Restate the listing below word for word; no picture is to be carried over.

_Dataset content_
======

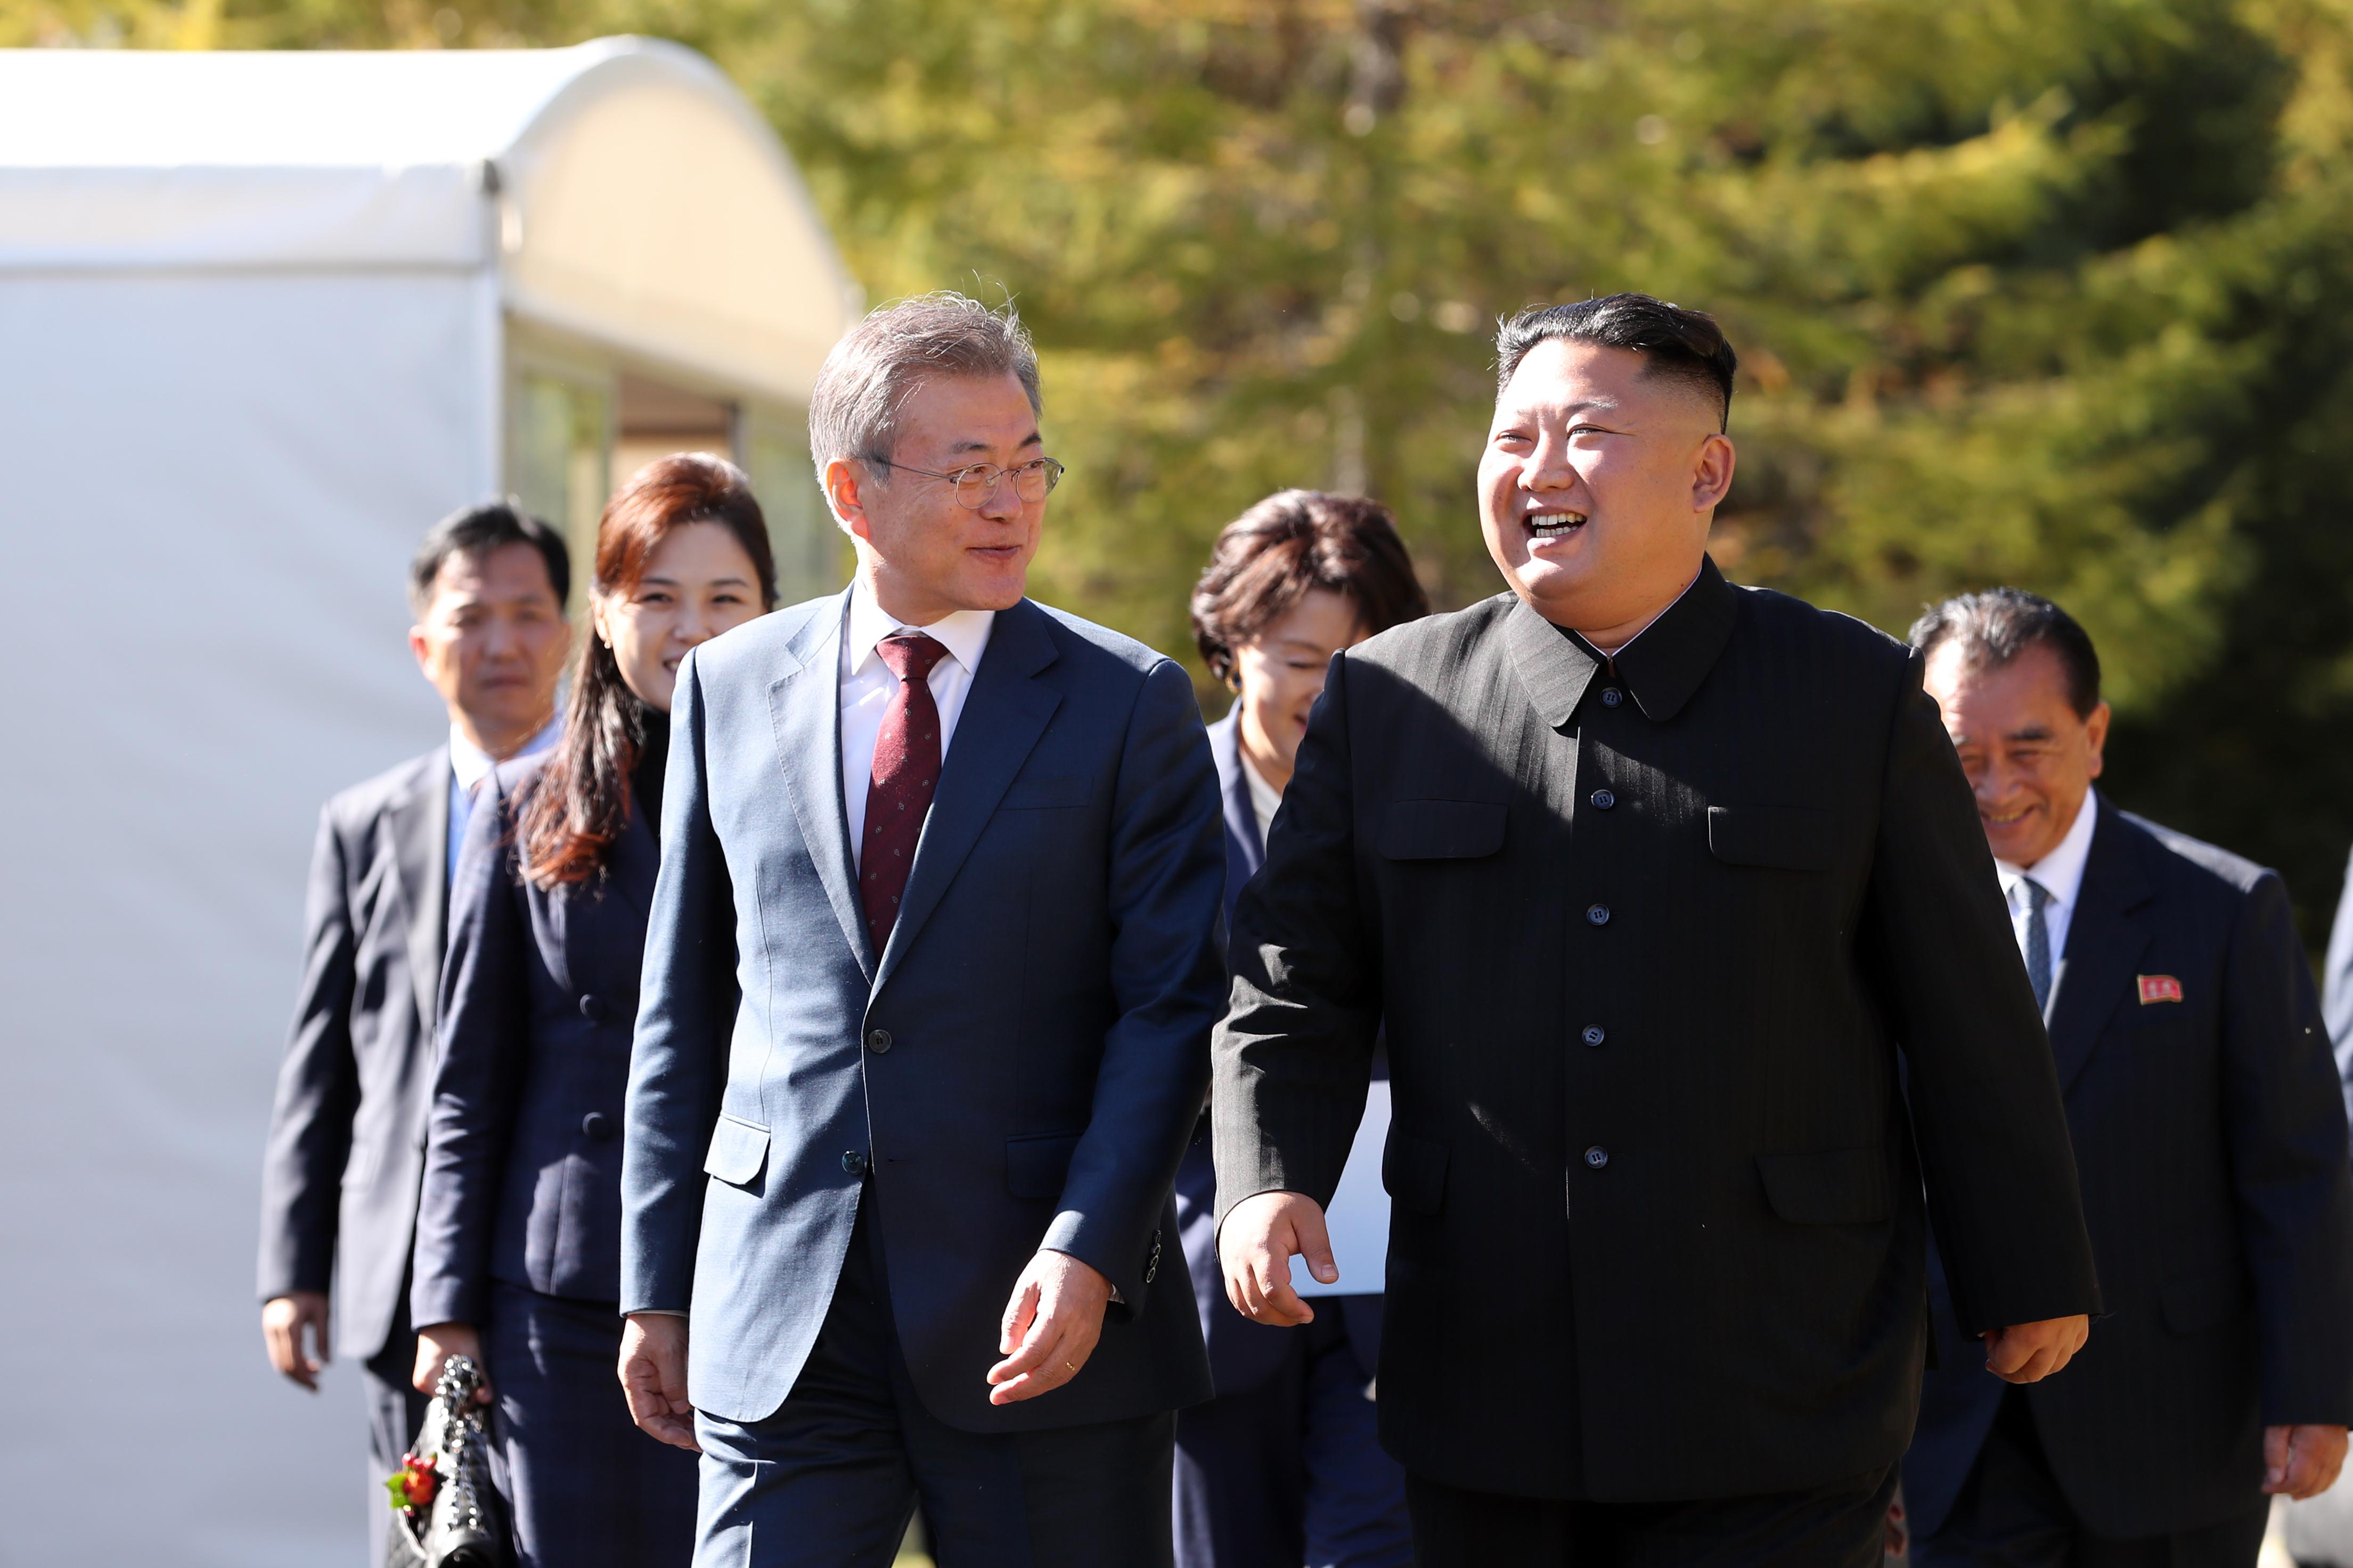 North Korean leader Kim Jong Un and South Korean President Moon Jae-in on September 20, 2018 in Samjiyon, North Korea.
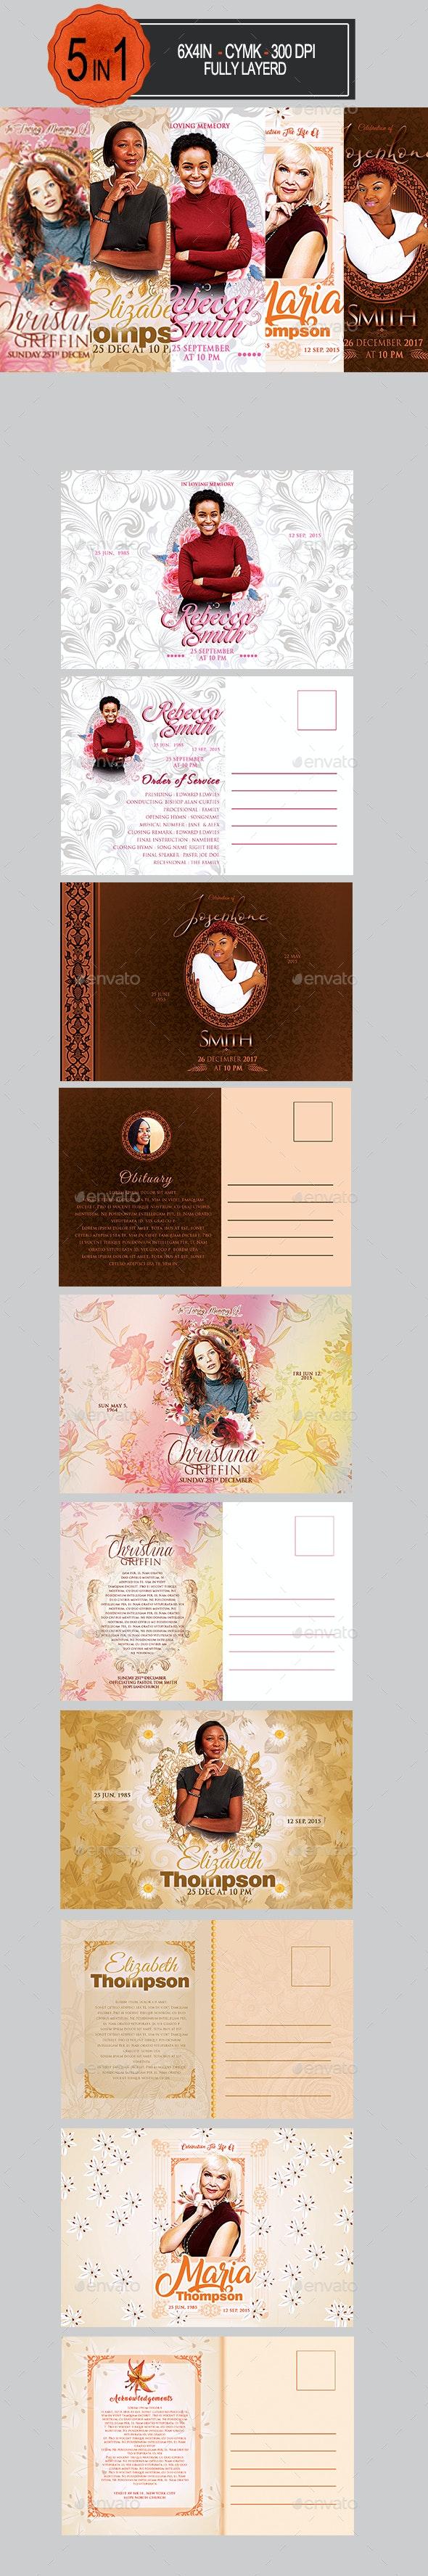 Funeral Postcard Bundle - Invitations Cards & Invites
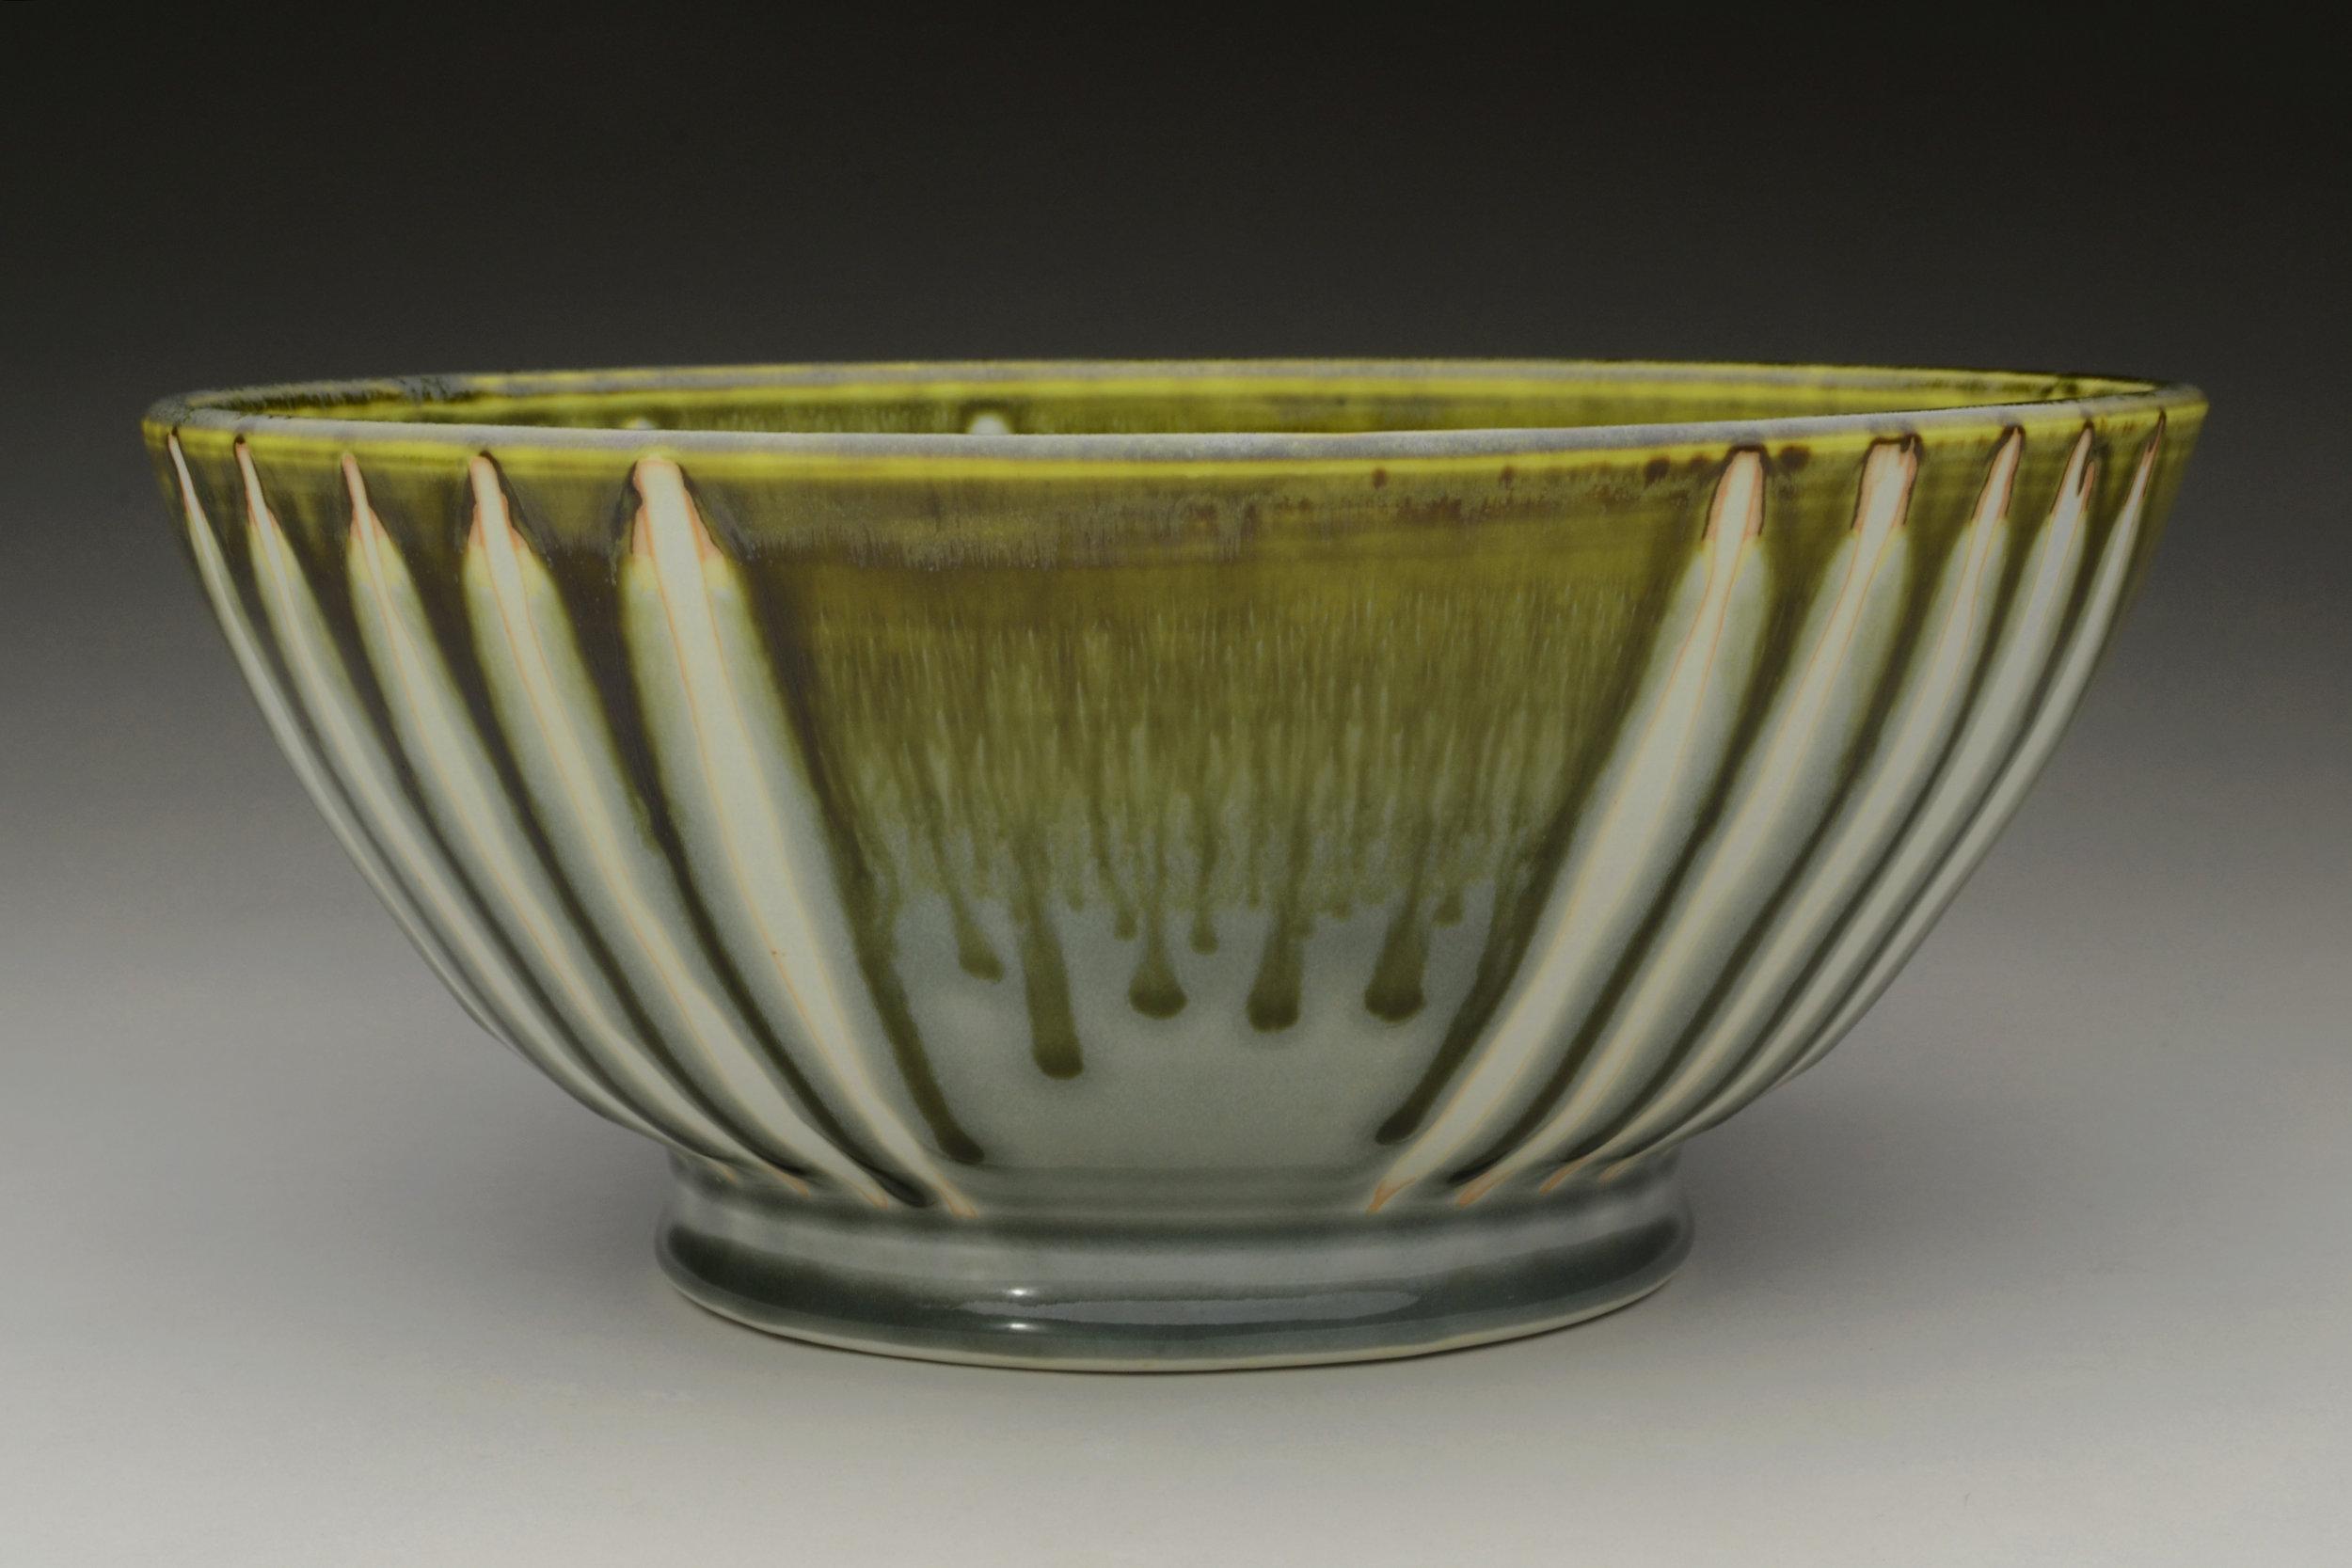 hk-bowl-1.jpg

======

_Exercise response_
 North Korean leader Kim Jong Un and South Korean President Moon Jae-in on September 20, 2018 in Samjiyon, North Korea.
 Funeral Postcard Bundle - Invitations Cards & Invites
 hk-bowl-1.jpg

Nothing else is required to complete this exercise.